Peters’ legal team was barred by the judge from presenting any evidence that her actions were reasonable owing to the fraud vulnerabilities inherent in the election software Mesa County used. As former prosecutor David Clements (who fought more than anyone for Peters’ release) wrote, “Analysis of the Dominion election management system she forensically imaged revealed that over 29,000 election records were altered or deleted during Dominion’s ‘trusted build.’”

Dominion was using software from a Venezuelan firm it had recently acquired called Smartmatic. According to the former head of the Venezuelan secret service (now in U.S. custody), Hugo Carvajal Barrios:

Smartmatic was born as an electoral tool of the Venezuelan regime but soon derived into a tool to help keep the regime stay in power forever. I know this because I placed the head of IT of the National Electoral Council (CNE) in his position, and he reported directly to me. The Smartmatic system can be altered—this is a fact. This technology was later exported abroad, including to the United States. Regime operatives maintain relationships with election officials and voting-machine companies inside your country. I do not claim that every election is stolen, but I state with certainty that elections can be rigged with the software – and has been used to do so.

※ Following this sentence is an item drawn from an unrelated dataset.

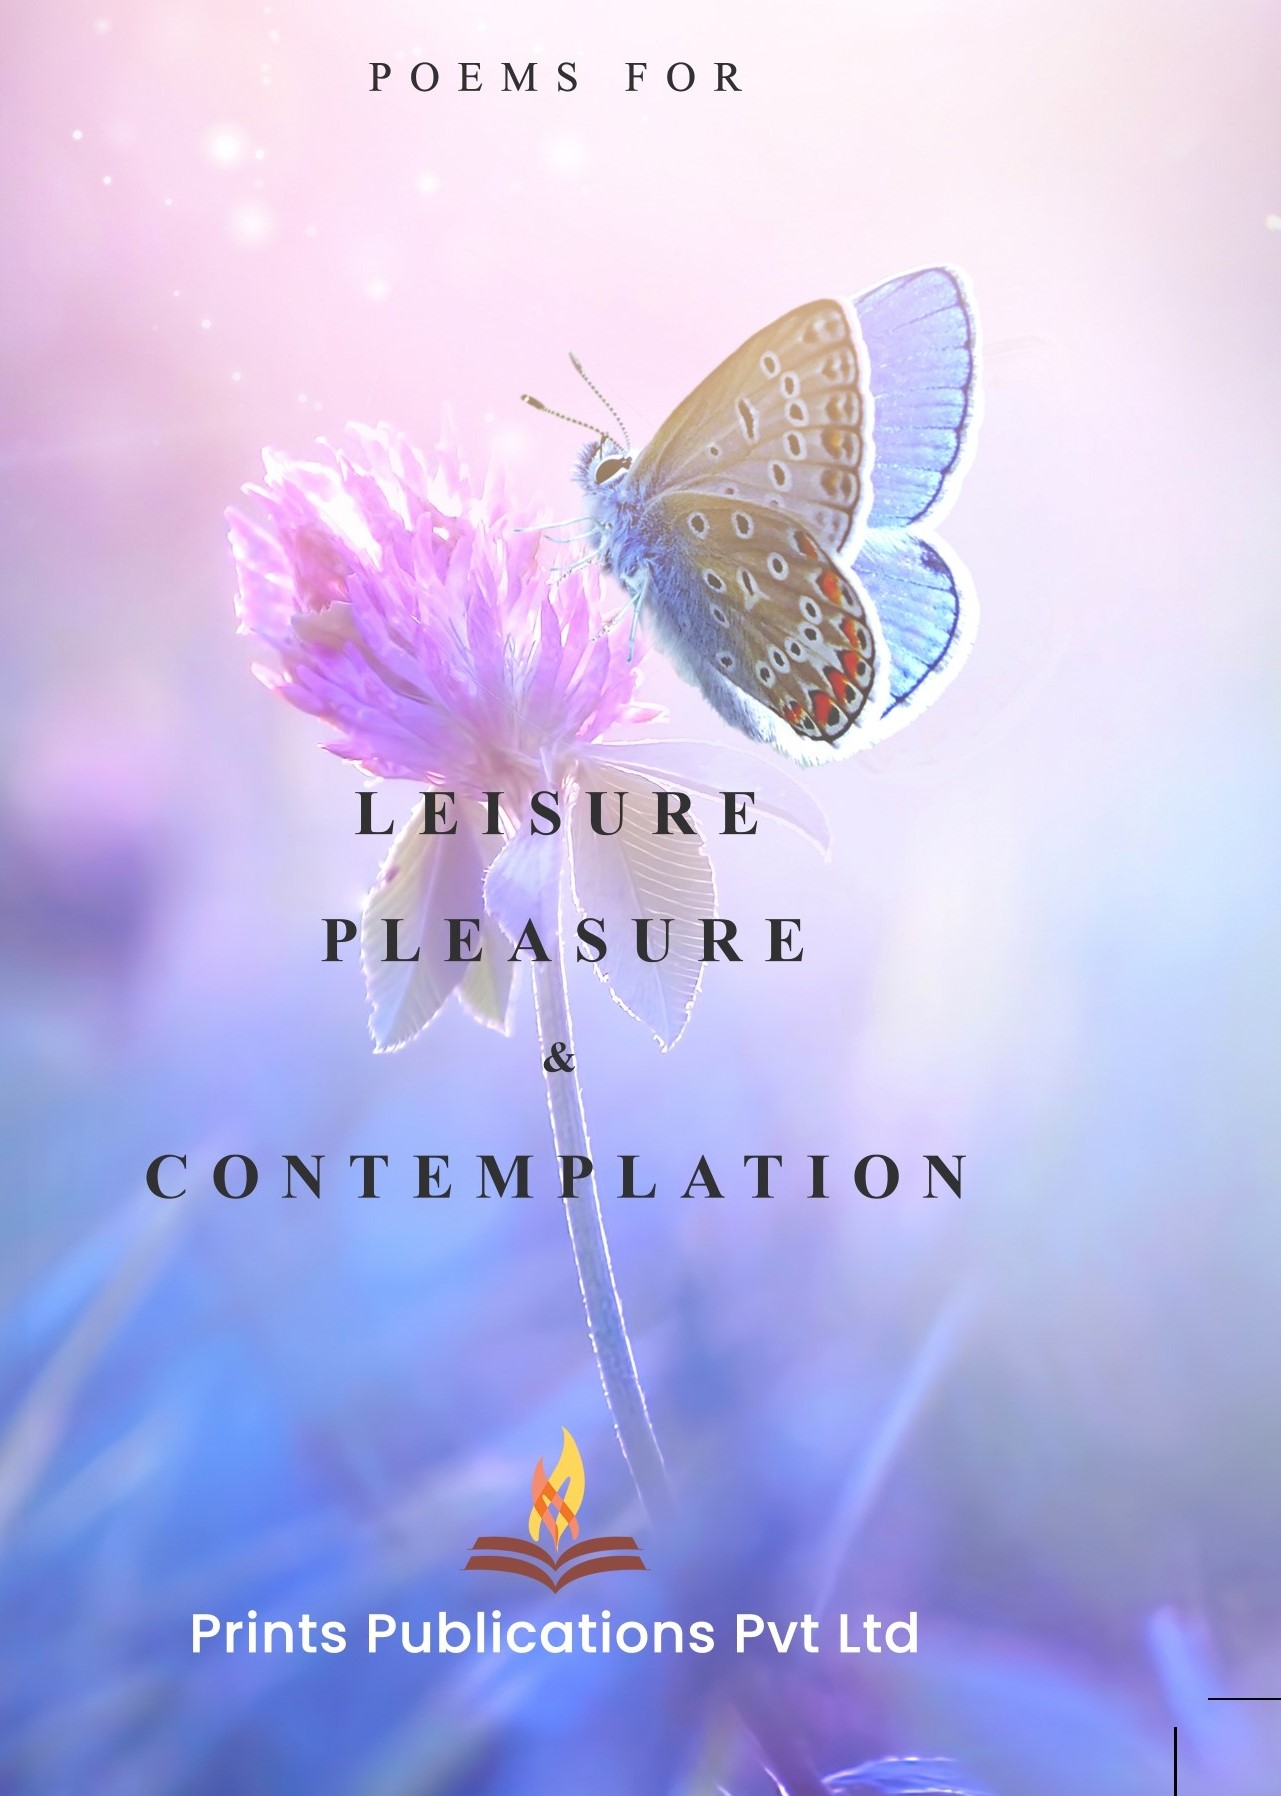 Poems for Leisure Pleasure & Contemplation
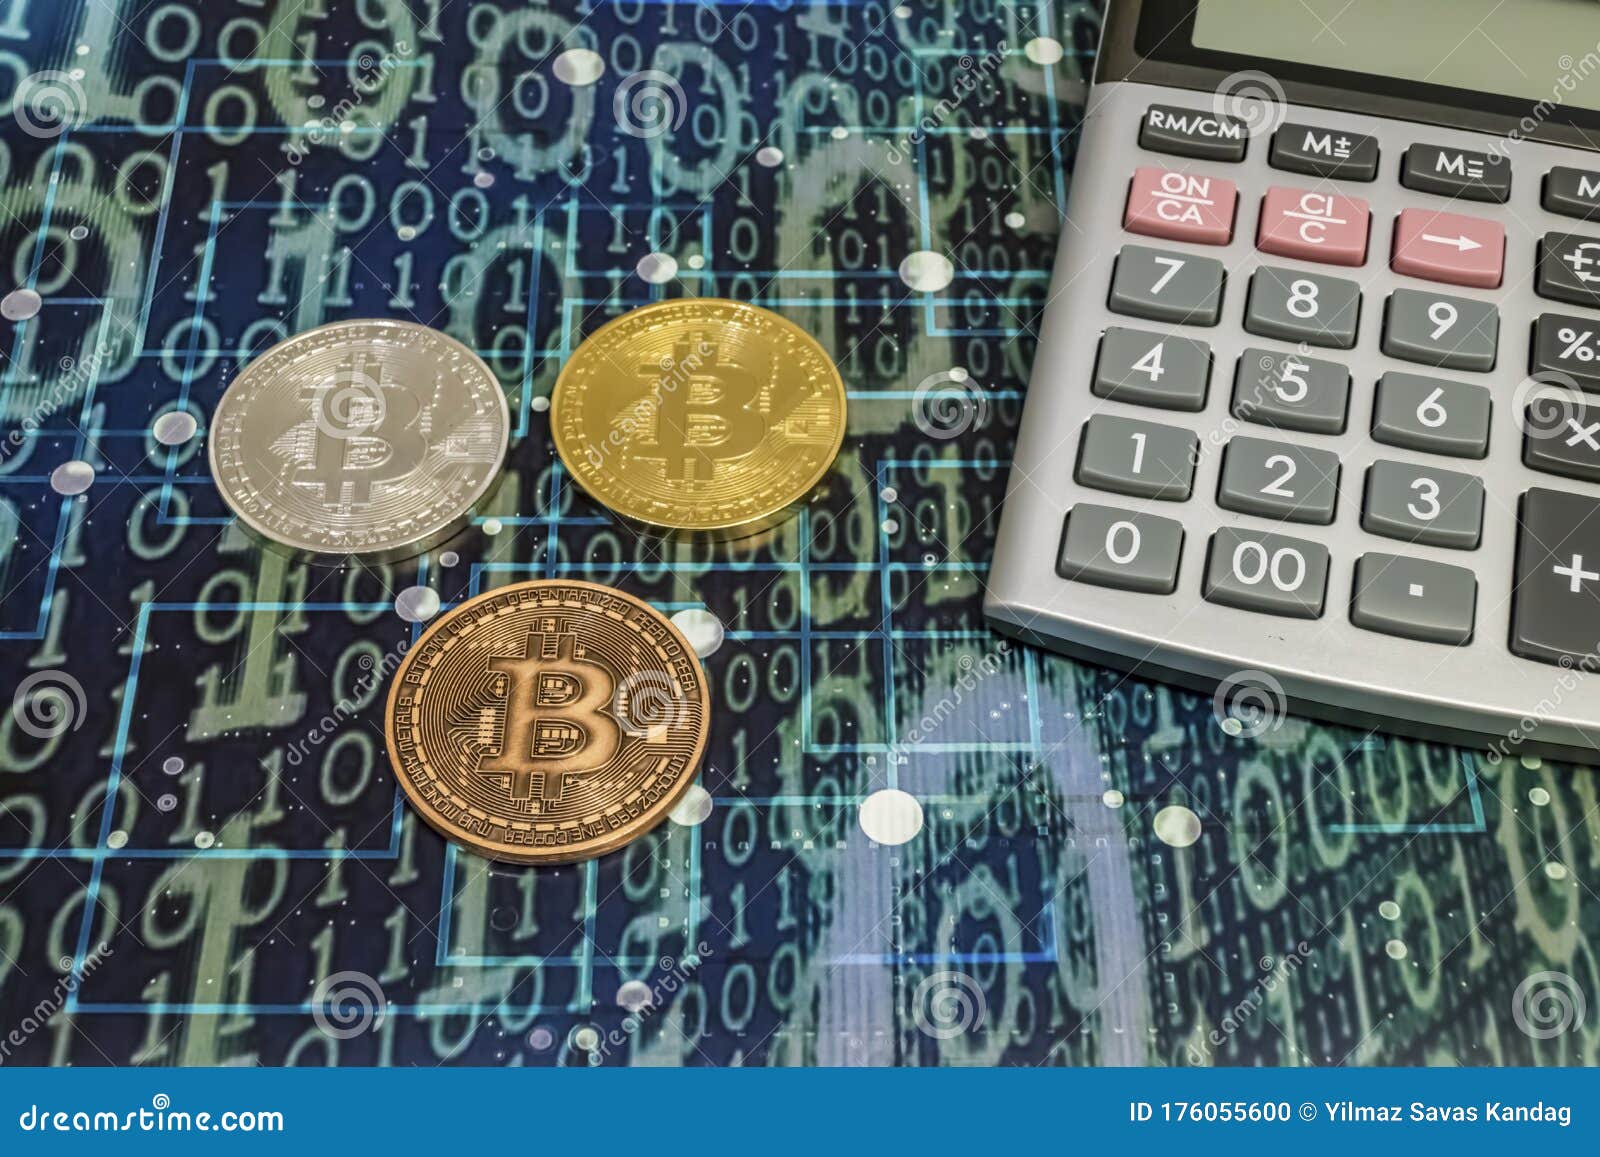 bitcoin bank calculator)

Of course, no evidence of this sort (Peters’ lawyers had plenty, long before Carvajal spoke out) was permitted in Peters’ trial. When she was duly convicted by a low-information jury, the judge made it clear that he was imposing the maximum sentence, nine years, in part because of Peters’ political opinions. She would not retract her suspicions about the honesty of the 2020 election, so he would throw the book at her.

President Trump issued a federal pardon for Peters, but it had no legal effect on her imprisonment for state charges. A Colorado appeals panel, reviewing her conviction, has raised serious concerns about its legality,

questioning whether an improper jury instruction led to Peters’ conviction on a felony charge despite drawing language from a misdemeanor statute. More broadly, the panel appeared sympathetic to arguments made by Peters’ attorneys that her sentencing — which followed statements made by presiding District Court Judge Matthew Barrett calling Peters a ‘charlatan’ who peddled ‘snake oil’ — violated her right to free speech.

“My read of the (sentencing) transcript is that the judge considered that, and it went into the calculation of the sentence,” Welling said. “And that’s a First Amendment problem.”

He added that the issue “fundamentally calls into question the fairness of the sentence.”

The state’s Democratic governor, Jared Polis, questioned the severity of Peters’ sentence, and raised the possibility of commuting it—to the outrage of Colorado Secretary of State Jena Griswold, the public official supposedly in charge of ensuring honest elections in 2020.  The frail Peters was subsequently attacked by a much younger fellow inmate, then charged with felony assault for defending herself, and thrown in solitary confinement for days.

Perhaps that incident helped make up Polis’ mind for him. On June 1, Tina Peters was set free by a governor’s order commuting her sentence. She came back from Devil’s Island and found herself in a country just as divided as the France to which Col. Dreyfus returned.

The Trump administration is rightly trying to reverse the impact of such lawfare and political prosecution. As one-time federal prosecutor—now a persecuted election integrity activist, herself—Sidney Powell told me:

I don’t know of any president in our history who has shown his care and concern for the American people more than President Trump. His recent settlement of his own case, solely to create a fund to help citizens like the January 6 defendants and others who have been so wronged by pure lawfare and abuses by our government, is an unprecedented act of generosity. The Obama and Biden administrations deliberately and baselessly destroyed many families and lives with their wrongful prosecutions and harassment. Their abuses of power should never be repeated. Reparations combined with prosecutions of the real wrongdoers will begin to allow many people to heal. I wrote a whole book, Licensed to Lie, exposing abusive, specious prosecutions like the one that targeted Tina Peters. Thank God she’s finally free.